Spirometry is a simple, point-of-care lung function procedure recommended to support the diagnosis and monitoring of COPD and asthma, the most common long-term respiratory conditions.6 7 In many western and low/middle-income countries, spirometry will be performed and interpreted in non-specialist respiratory settings. However, there is inequity in spirometry provision in primary care and community settings; historical challenges with quality, skills and competence in interpretation, and funding, have been compounded by the COVID-19 pandemic.8 Spirometry performed in primary care and community settings has been shown to not meet international criteria in over 85% of cases.9 A low level of confidence in assessing spirometry quality is also common among general practitioners (GPs).10 Improving prevention and early diagnosis has been identified as a priority in the Global Impact of Respiratory Disease report.11 In practice, this requires improved equity, access and quality of spirometry provision.

Recent work has shown that artificial intelligence (AI)-powered decision support software can provide automated technical quality assessment and interpretation of full lung function tests.12 13 This software can outperform pulmonologists in diagnostic prediction from lung function tests.13 Similar AI software that interprets spirometry (usually the only lung function test accessible in many healthcare settings) may be particularly helpful in primary care to support clinicians who have generalist roles and less experience in respiratory diagnosis. Qualitative work highlighted that validation and evaluation of the effectiveness of AI software is key in engaging clinicians and commissioners to have confidence in implementation in clinical practice.8

The primary objective of this study is to compare the performance of primary care clinicians in the interpretation of 50 real-world spirometry records with or without AI spirometry decision support software reports.

Methods and analysis

Trial design and registration

This is a parallel, two group, randomised controlled, statistician-blinded efficacy trial to evaluate whether AI spirometry decision support software can improve the performance of primary care clinicians in their interpretation of real-world spirometry. Each clinician will be provided with the same clinical dataset of 50 de-identified, real-world patient spirometry records through an online platform (Qualtrics XM), and asked to answer questions about preferred diagnosis (ie, diagnosis they think is most likely) and differential diagnosis (ie, second most likely diagnosis) based on spirometry and limited clinical data, the technical quality of spirometry and the spirometry pattern. Questions will also explore clinicians’ confidence in their assessments.

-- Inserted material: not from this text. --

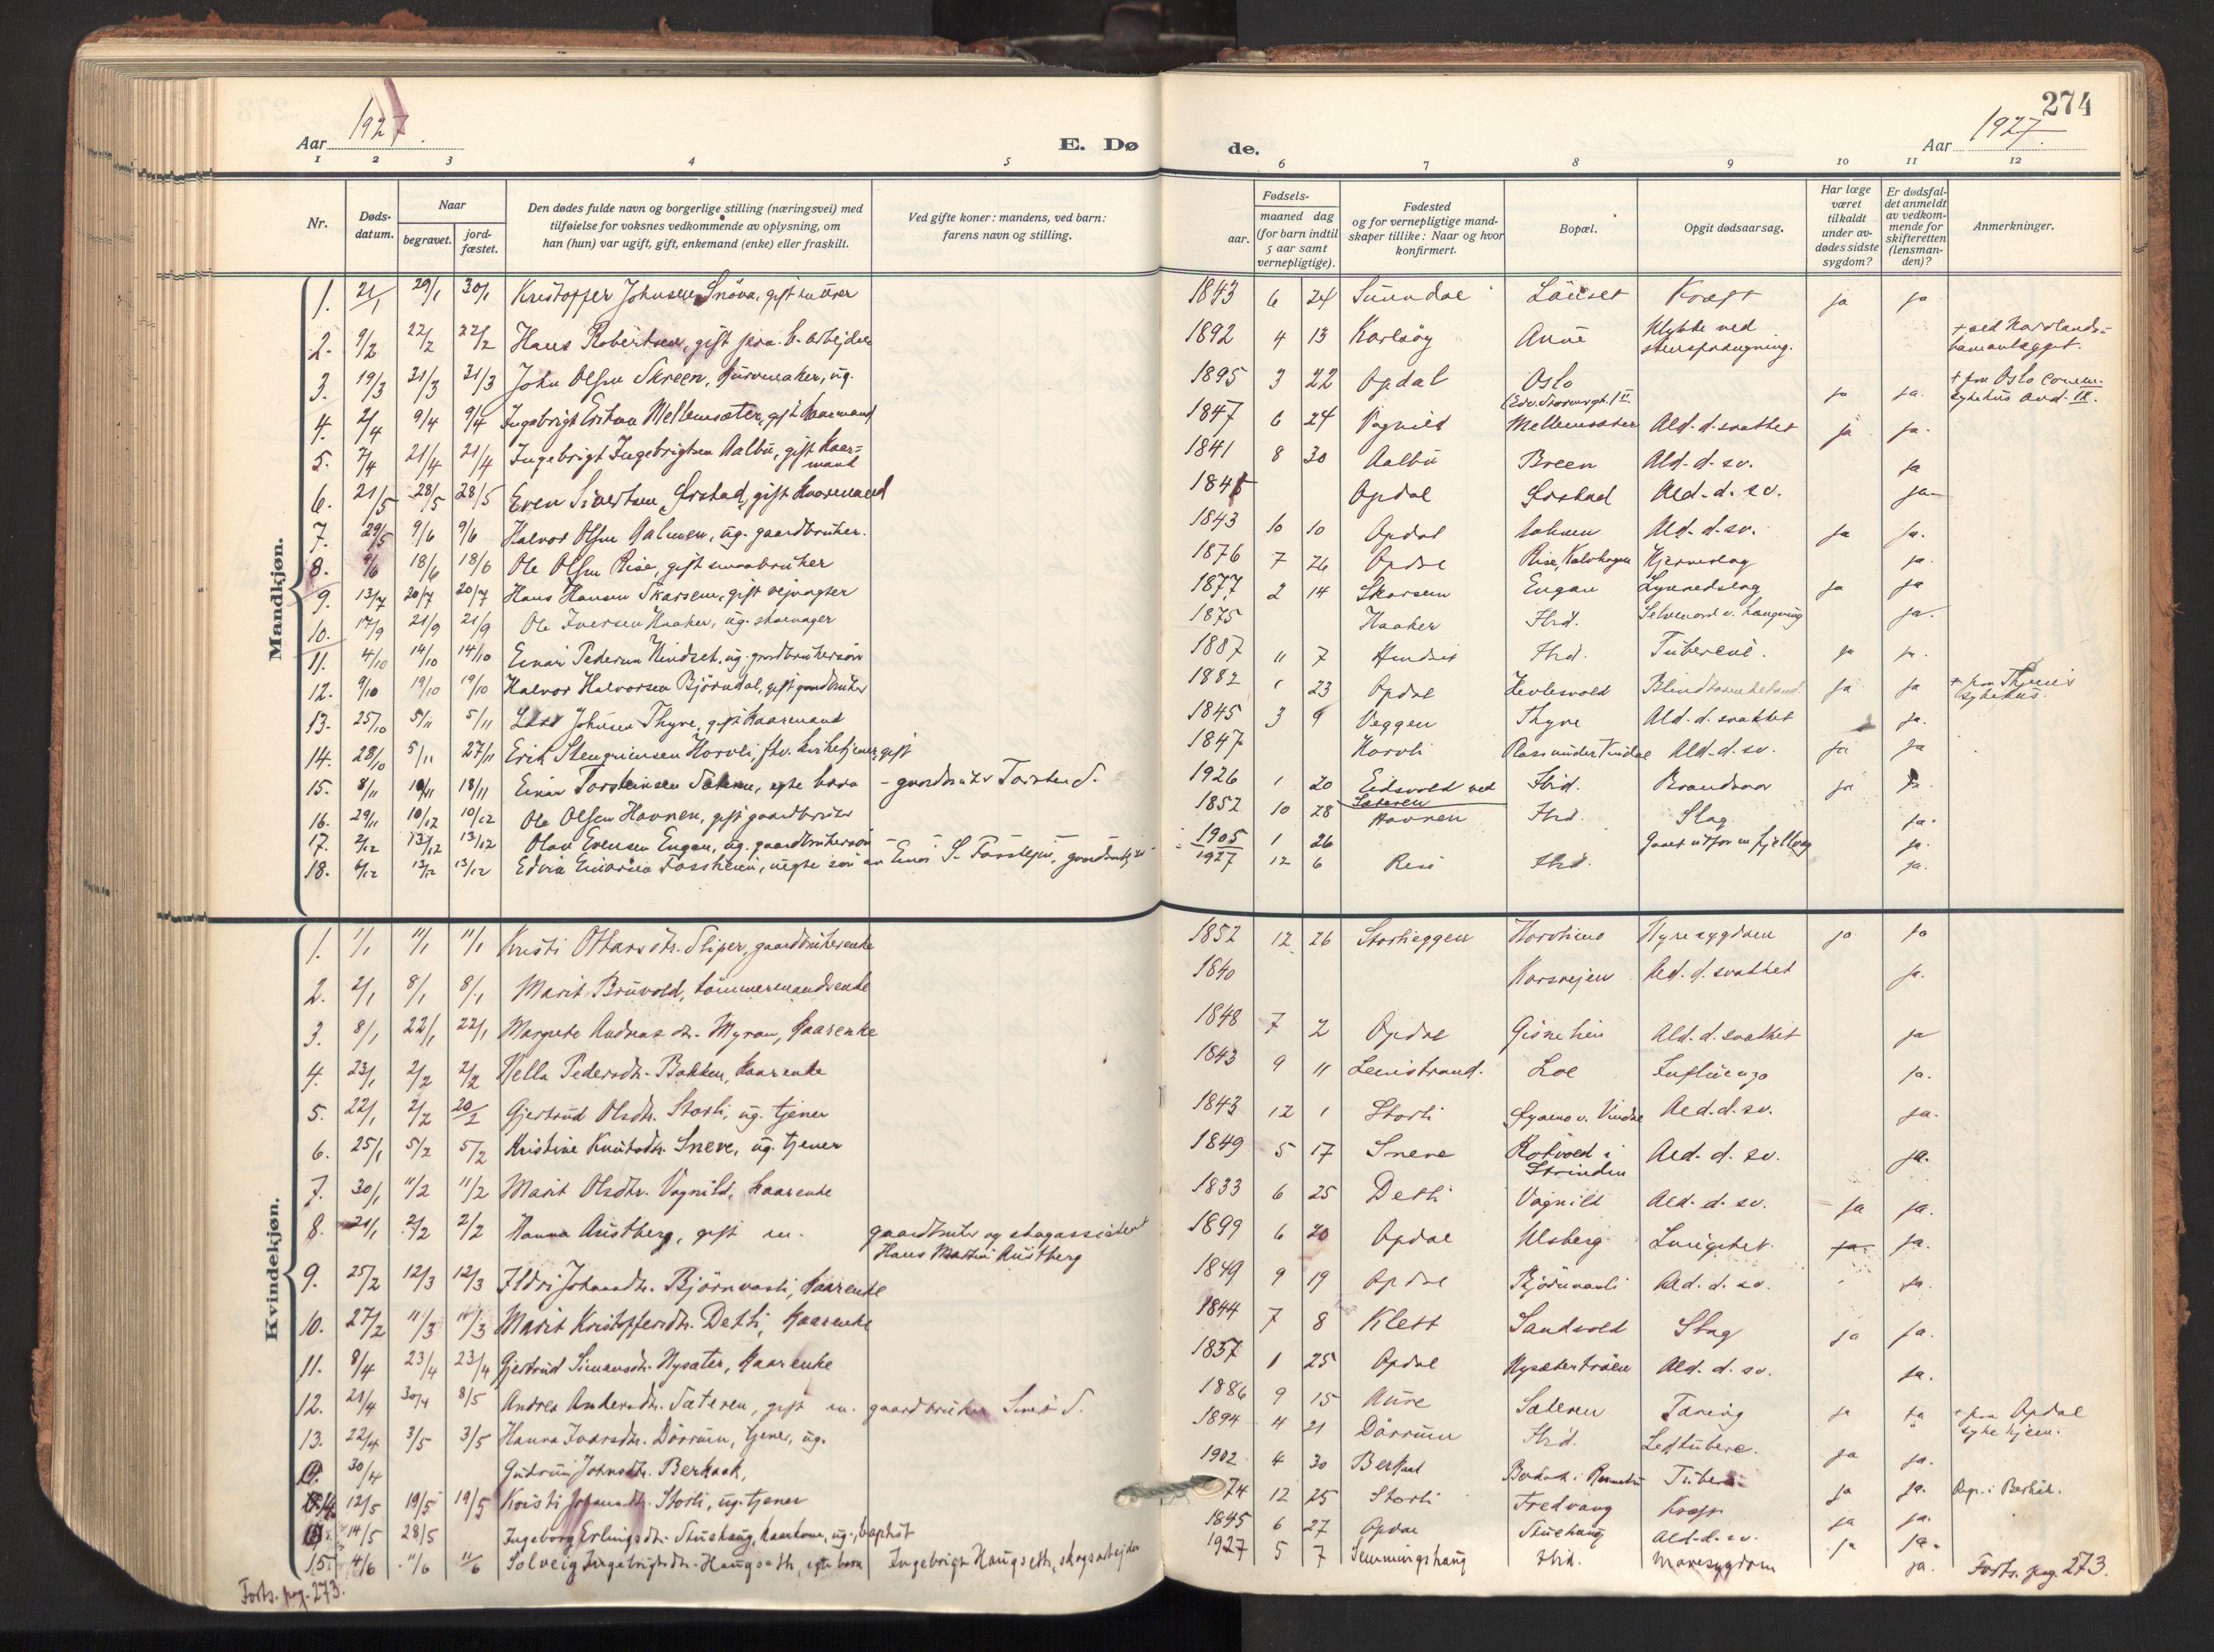 SAT, Ministerialprotokoller, klokkerbøker og fødselsregistre - Sør-Trøndelag, 678/L0909: Ministerialbok nr. 678A17, 1912-1930, s. 274

Participants will be allocated at random to receive either spirometry records alone or spirometry records with the addition of the AI software report. The clinical spirometry records will be de-identified (name, date of birth, address, postcode, occupation, GP, medications data removed), by a member of the clinical care team.

Royal Brompton and Harefield Hospitals (RBHH), Guy’s and St Thomas’ NHS Foundation Trust (GSTFT) will act as study sponsor. This study has been reviewed and given favourable opinion by Health Research Authority (HRA) Wales (reference: 22/HRA/5023).

Study population

Potential participants will be clinicians working in primary care involved in spirometry referral and interpretation.

Eligibility criteria

Eligibility criteria will be: (1) a clinician working in primary care (defined as >50% of job plan in primary care) in the UK who refers for or performs spirometry (typically GP, practice nurse); (2) able to access an online study platform in order to review spirometry sessions; (3) able to provide informed consent via the study platform.

Exclusion criterion will be: (1) clinicians who have completed specialist training in respiratory medicine and are recognised by the General Medical Council with the right to practise as a consultant in respiratory medicine in the National Health Service.

Eligibility criteria will be used as screening questions on the online study platform prior to participants being able to consent to participate.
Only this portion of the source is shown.